A/N: Thank you to all my readers and reviewers. Enjoy!
The girl just sobbed, and Claudia sat, helpless, and watched her. She could hear Artie in the corner, flicking through the card catalogue, no doubt in search of the missing rosary, but she didn't want to take her eyes off the girl.
After what seemed like hours but couldn't have been more than one, the girl's sobs slowed, got softer. And after another long pause, the girl raised her head from her knees.
Her dark eyes found Claudia's face immediately, and she reached out. Claudia could definitely see the bruises ringing the girl's wrist – making two purple-bruise bracelets, as though someone had put handcuffs on the girl and then left her to struggle.
She made a soft, questioning, murmuring noise and her hand drifted across space, as though searching for someone.
"Artie," Claudia breathed, and her mentor was behind her before she realized she had spoken.
"What is it?" he asked.
"I think she's blind," Claudia said. "Did… did an artifact do that to her?"

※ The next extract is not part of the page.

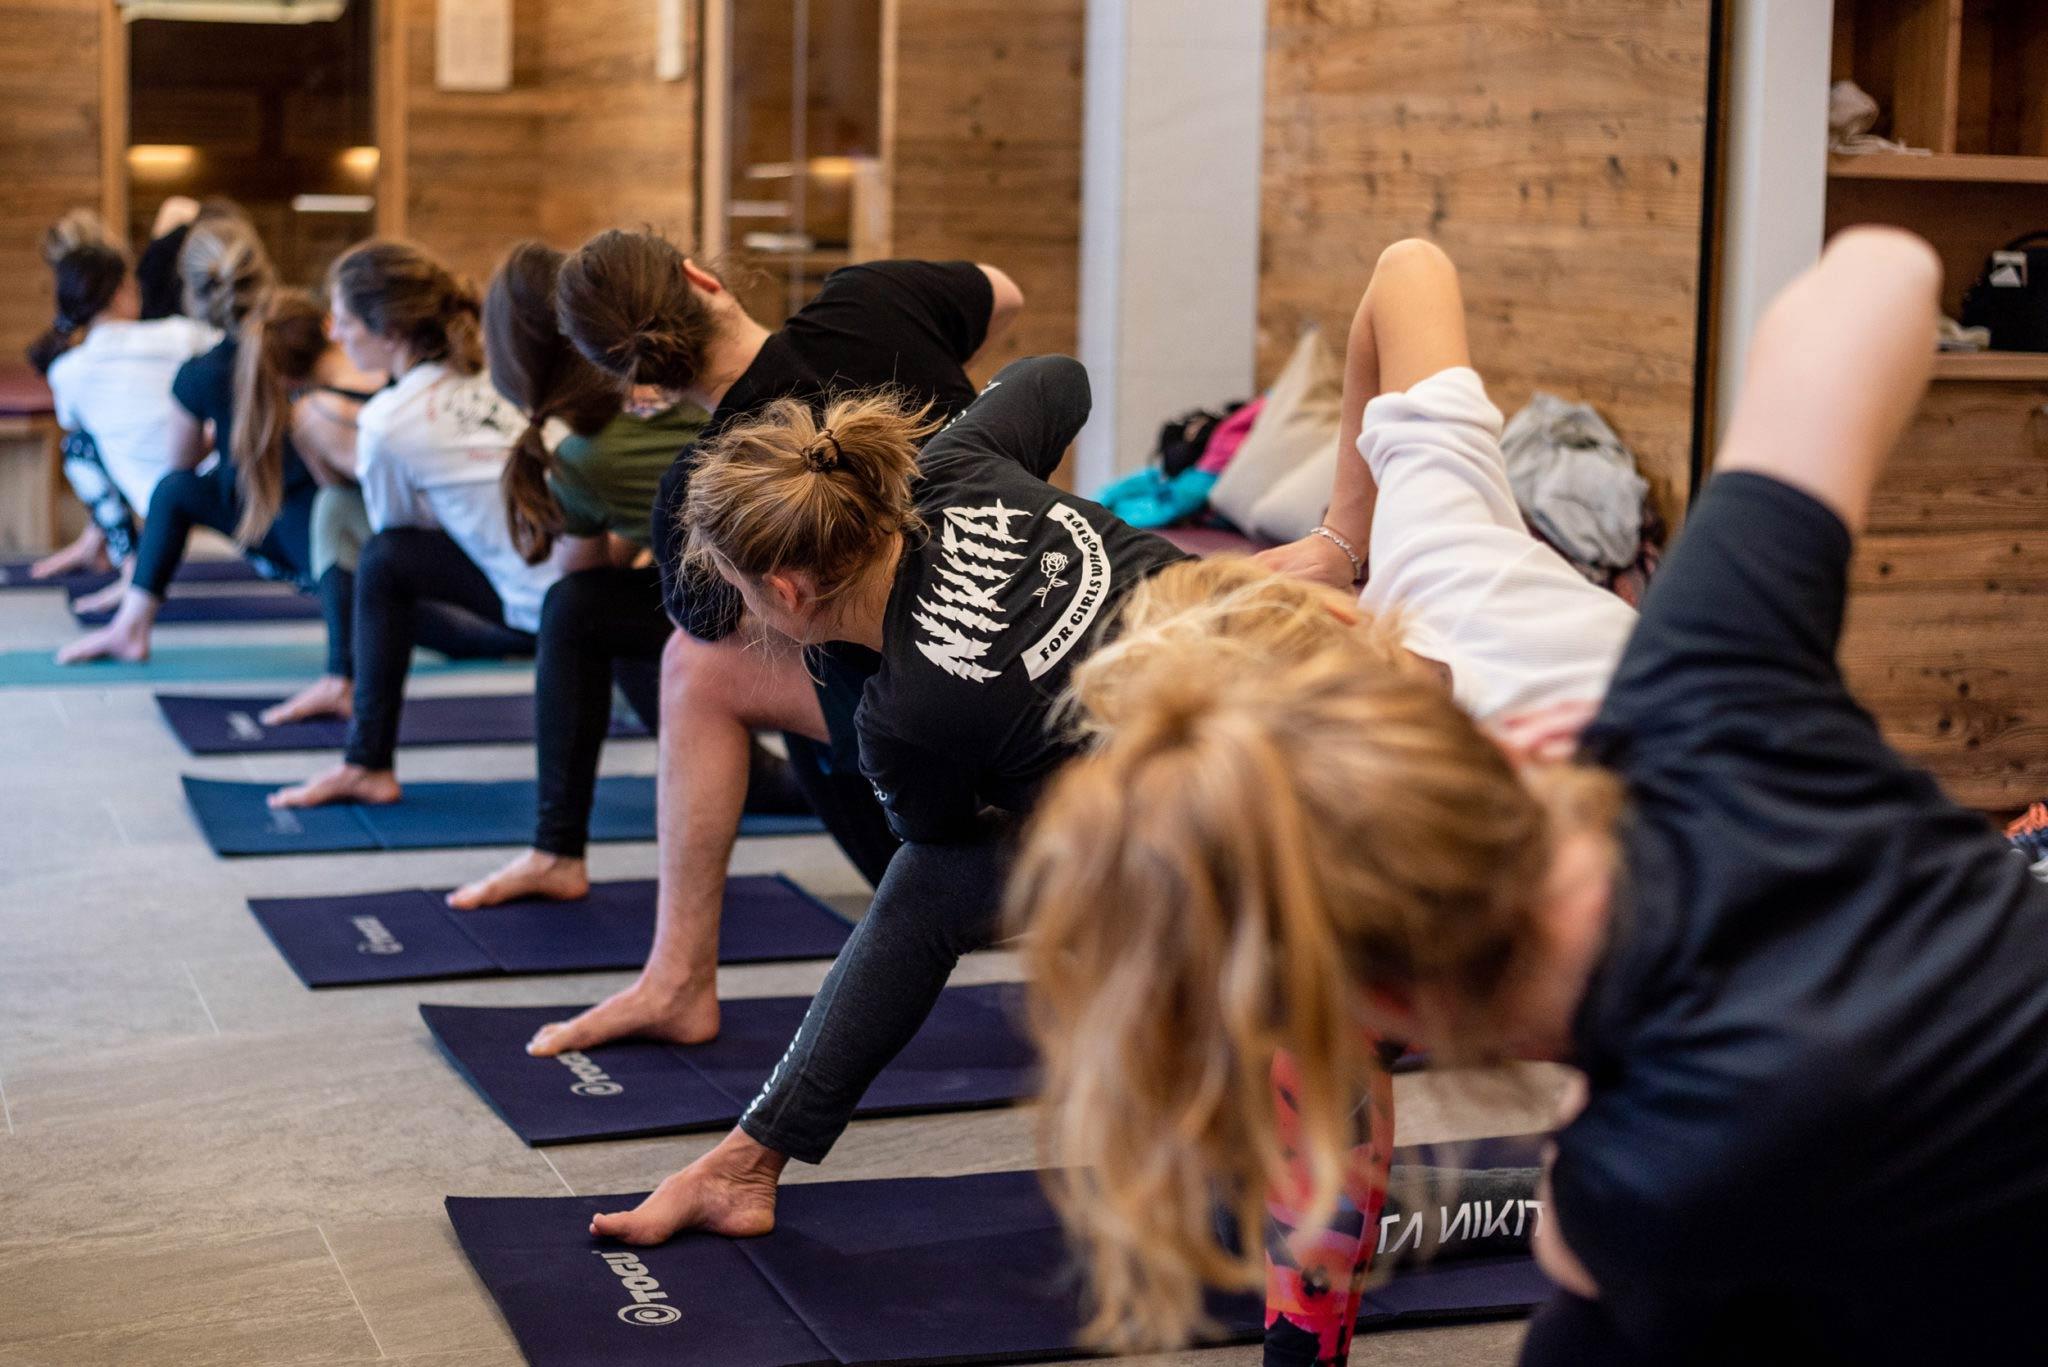 Neben Yoga sind weitere Off-Snow Aktivitäten im Rahmen der Slay Days geplant. - Foto: Miriam Lotte

Artie waved his hand in front of the girl's face, to no response. She groped out to one side and found the table, then pulled herself upright. Calmer than she had been on her first trip around the office, she carefully reached out and found the wall. Keeping her left hand on the wall, she put her right hand out in front of her and began to trace the room.
Claudia and Artie stared as the girl made a lap of the room. She was uninterested in anything she touched; it seemed to be more of a fact-finding mission. The doors held no special intrigue for her; she touched them, catalogued them in her mind, and moved on.
Once she was back at her starting point, the table, she walked the length of it and held her arm out into thin air.
Claudia took her hand.
There was a flash of light and then images started pouring through Claudia's mind –
Men in white uniforms. Nurses? Quickly moving. Grabbing. Hurting.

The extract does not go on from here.